-- Exercise requirements --
Exactly the lines below from the line with "فلكس المؤتمر الدولي حول التنوع الثقافي (2)" through the line with "Appareil photo reflex" must make up the answer, both ends included and pictures left out.

-- Available data --
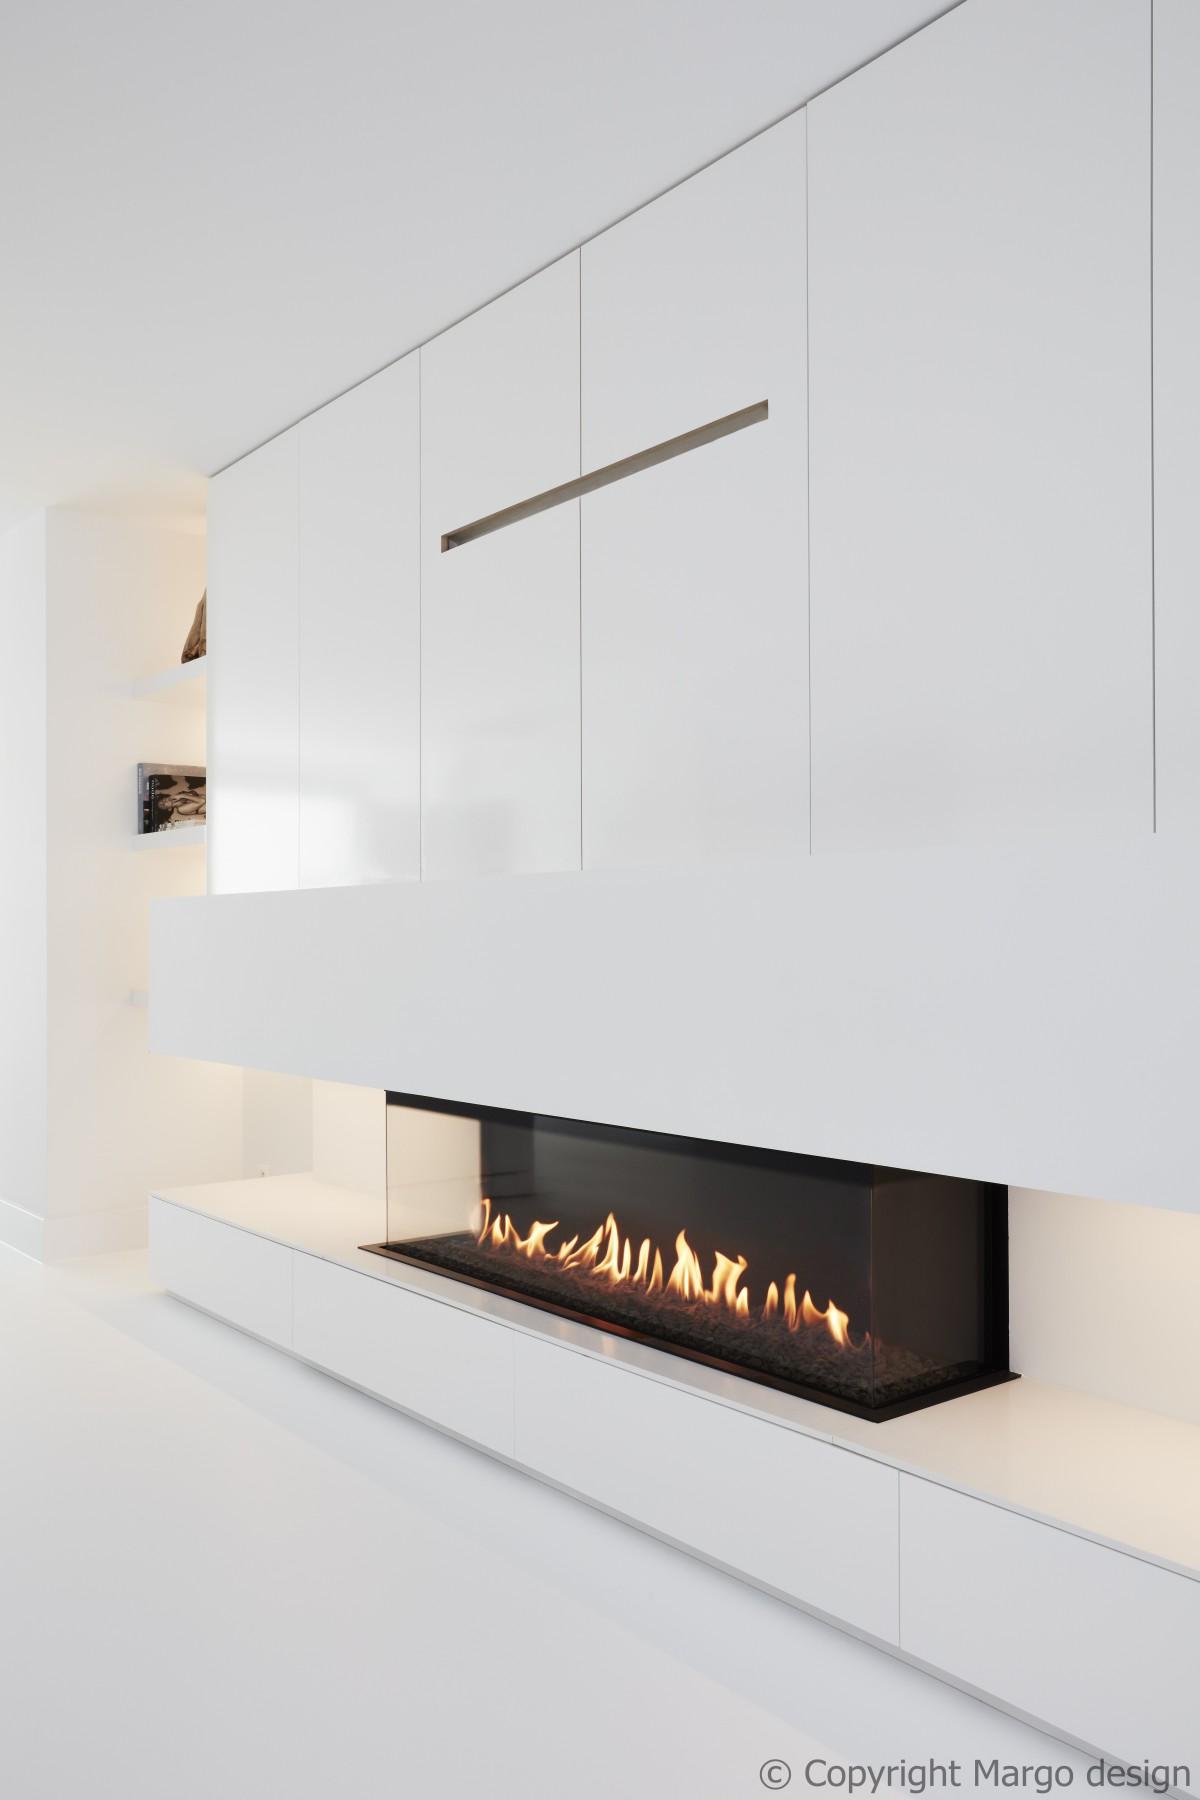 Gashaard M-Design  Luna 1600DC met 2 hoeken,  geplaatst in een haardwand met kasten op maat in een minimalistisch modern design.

---

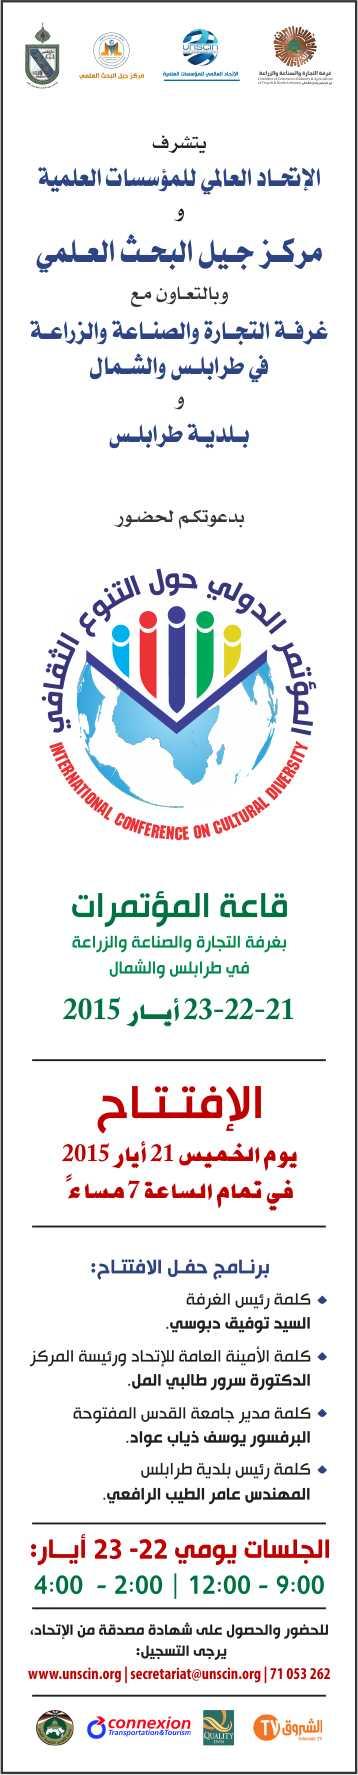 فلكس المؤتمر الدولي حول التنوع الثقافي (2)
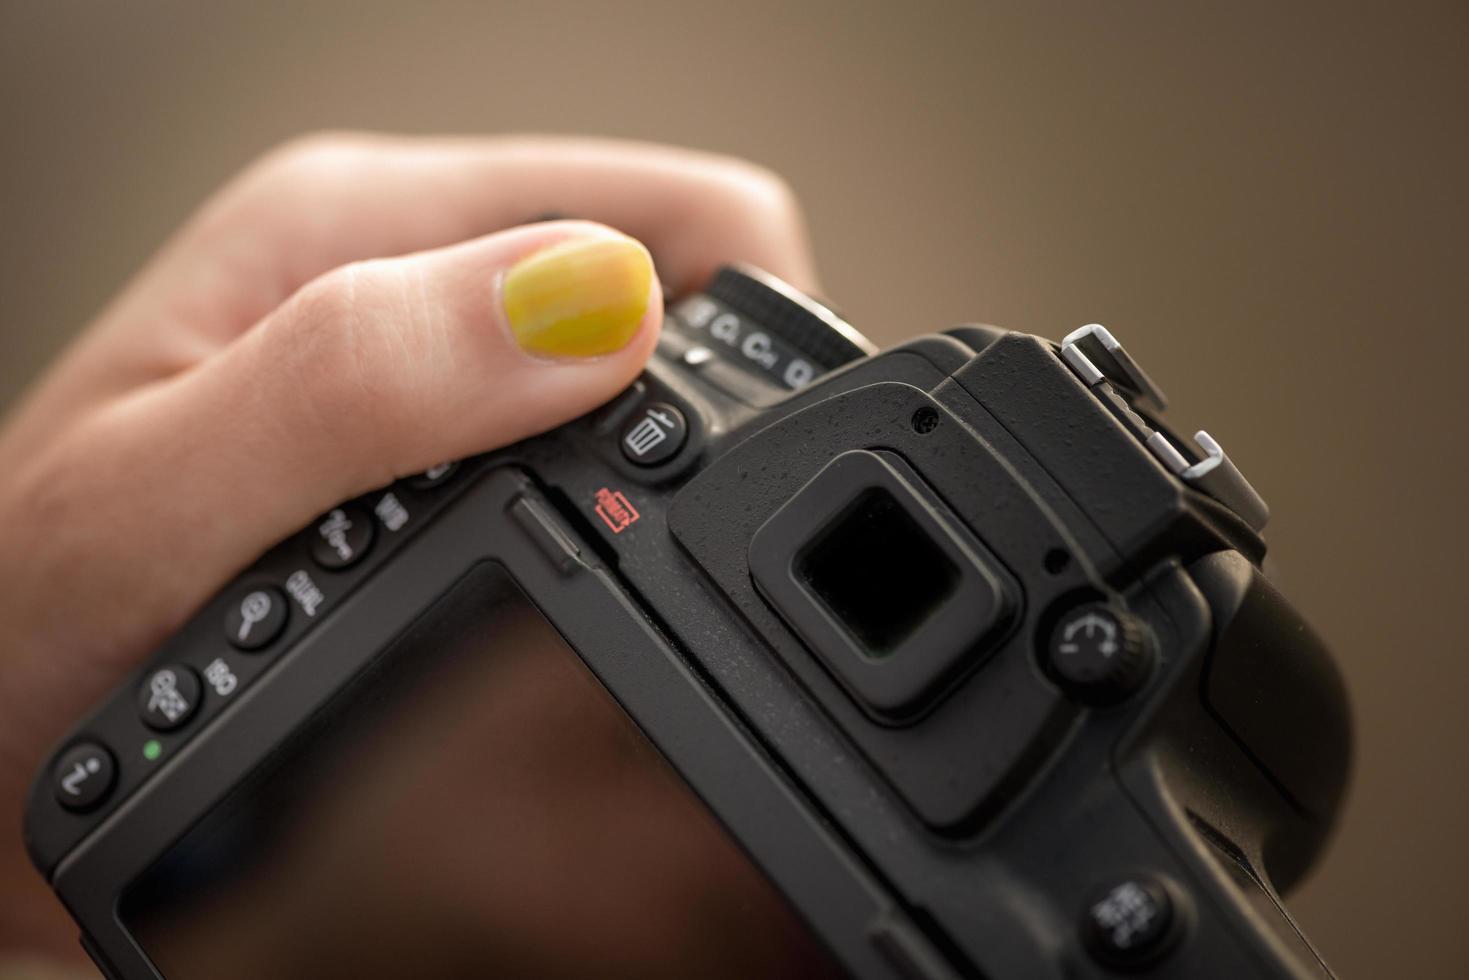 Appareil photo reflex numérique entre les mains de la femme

...

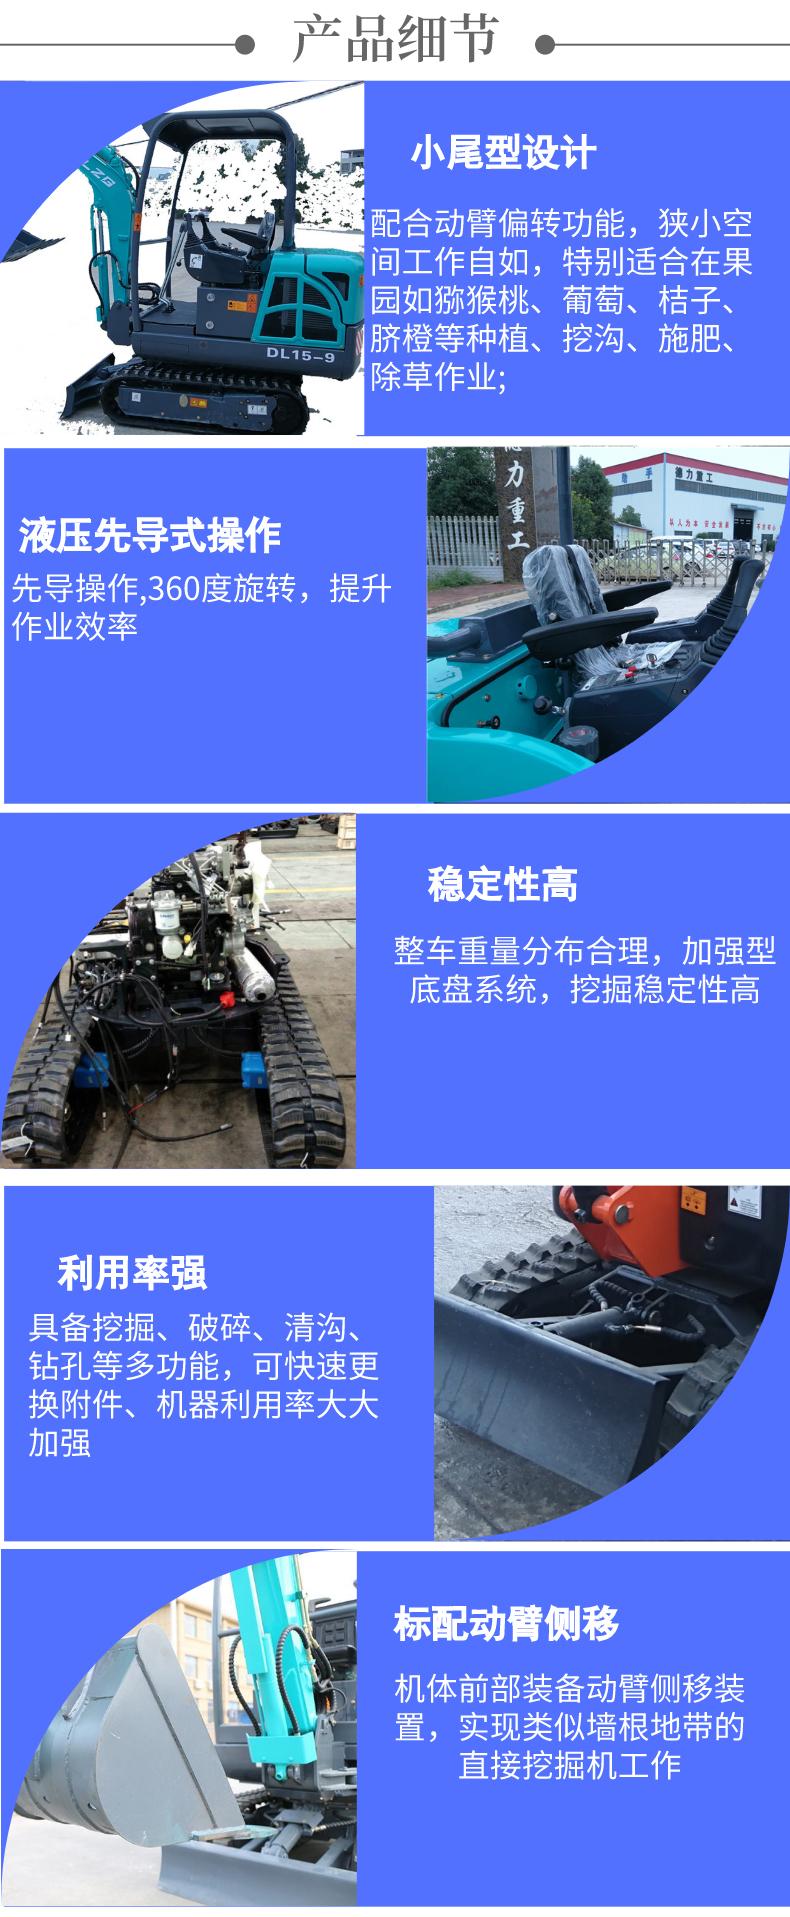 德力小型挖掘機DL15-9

-- The completed task --
 فلكس المؤتمر الدولي حول التنوع الثقافي (2)
 Appareil photo reflex numérique entre les mains de la femme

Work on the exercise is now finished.